Replies are listed 'Best First'.
Re: Finding data
by Chady (Priest) on Feb 28, 2002 at 17:46 UTC

    try HTML::TokeParser:

    here's and example:

    require HTML::TokeParser; my $obj = HTML::TokeParser->new($File); my $token = $obj->get_tag("title"); my $title_text = $token->get_text("/title");

    He who asks will be a fool for five minutes, but he who doesn't ask will remain a fool for life.

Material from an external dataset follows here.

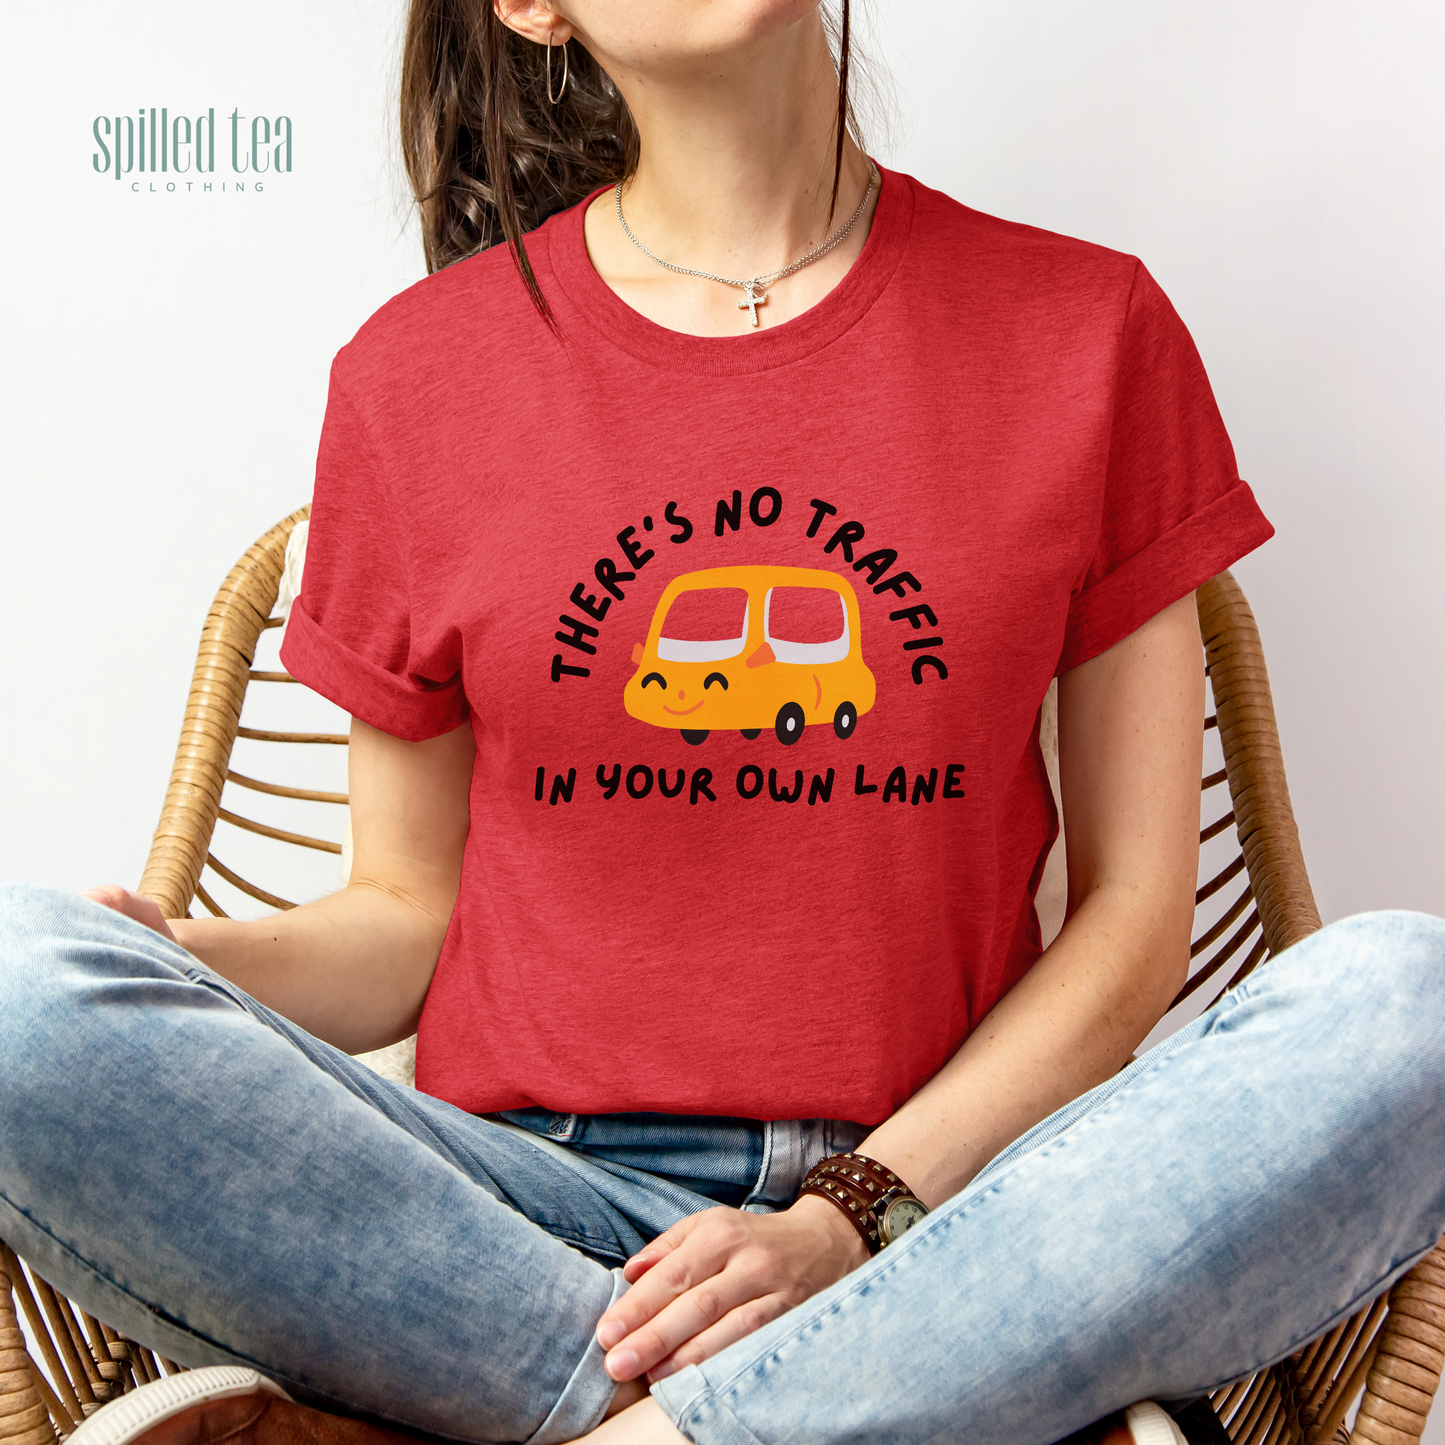 There Is No Traffic In Your Own Lane T-Shirt

    Chady | http://chady.net/
Re: Finding data
by dragonchild (Archbishop) on Feb 28, 2002 at 17:46 UTC
    Heh. Your regex's are the problem.

    First off, you should be use some sort of HTML parser. What if my HTML file is of the form:

    <TITLE> Blahblah </title>
    You'd never find "Blahblah".

    Secondly, the fix you're looking for is

    if ($line =~ /<TITLE(\w+)<\/TITLE>/i) ---- if ($line =~ m#<TITLE>(\w+)</TITLE>#i)
    Note the backslash in front of the slash for the first one and the different regex delimiters for the second.

    I have no idea what you're trying to do in your second regex. Why are you looking for the end of line with '$' before your line is done?

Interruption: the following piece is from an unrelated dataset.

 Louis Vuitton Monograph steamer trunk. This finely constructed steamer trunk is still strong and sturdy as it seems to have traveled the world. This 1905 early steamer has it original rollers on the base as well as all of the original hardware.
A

    Also, use indentation. Your code should look something like:

    use File::Find; sub wanted { if( -f $_ = '*.htm* ) { open ( F, $_ ) or die $/, $/; while( defined( $line = <F> ) ) { if($line =~ /<TITLE>(\w+)</TITLE>/i) { print "FILE = $_ and TITLE = $1\n"; } elsif( $line =~ /<title>(.*$)<title>/i) { print "FILE = $_ and TITLE = $1\n"; } } close F; } } find( \&wanted, "." );
    See how much easier that is to read?

    ------
    We are the carpenters and bricklayers of the Information Age.

    Don't go borrowing trouble. For programmers, this means Worry only about what you need to implement.

      I am still lost on why this isnt working. Please advise more.
Re: Finding data
by strat (Canon) on Feb 28, 2002 at 17:49 UTC
    sub wanted { if ( /\.html?$/ ){ # if .htm or .html local $/; # throw away stdin-separator unless( open (HTML, $File::Find::name) ){ warn "Error couldn't read $File::Find::name: $!\n"; } # unless else { my $line = <HTML>; # slurp whole file close (HTML); my ($title) = m|<TITLE>(.*?)</TITLE>|is; # do with $title whatever you want... } # else } # if .html? } # wanted ...
    I haven't tested this code, but hope that it will work.
    /<TITLE>\w+</TITLE>/ will give a syntax error, because of / as separat +or and </T not escaped<BR> and \w+ will never match a space...

    Best regards,
    perl -le "s==*F=e=>y~\*martinF~stronat~=>s~[^\w]~~g=>chop,print"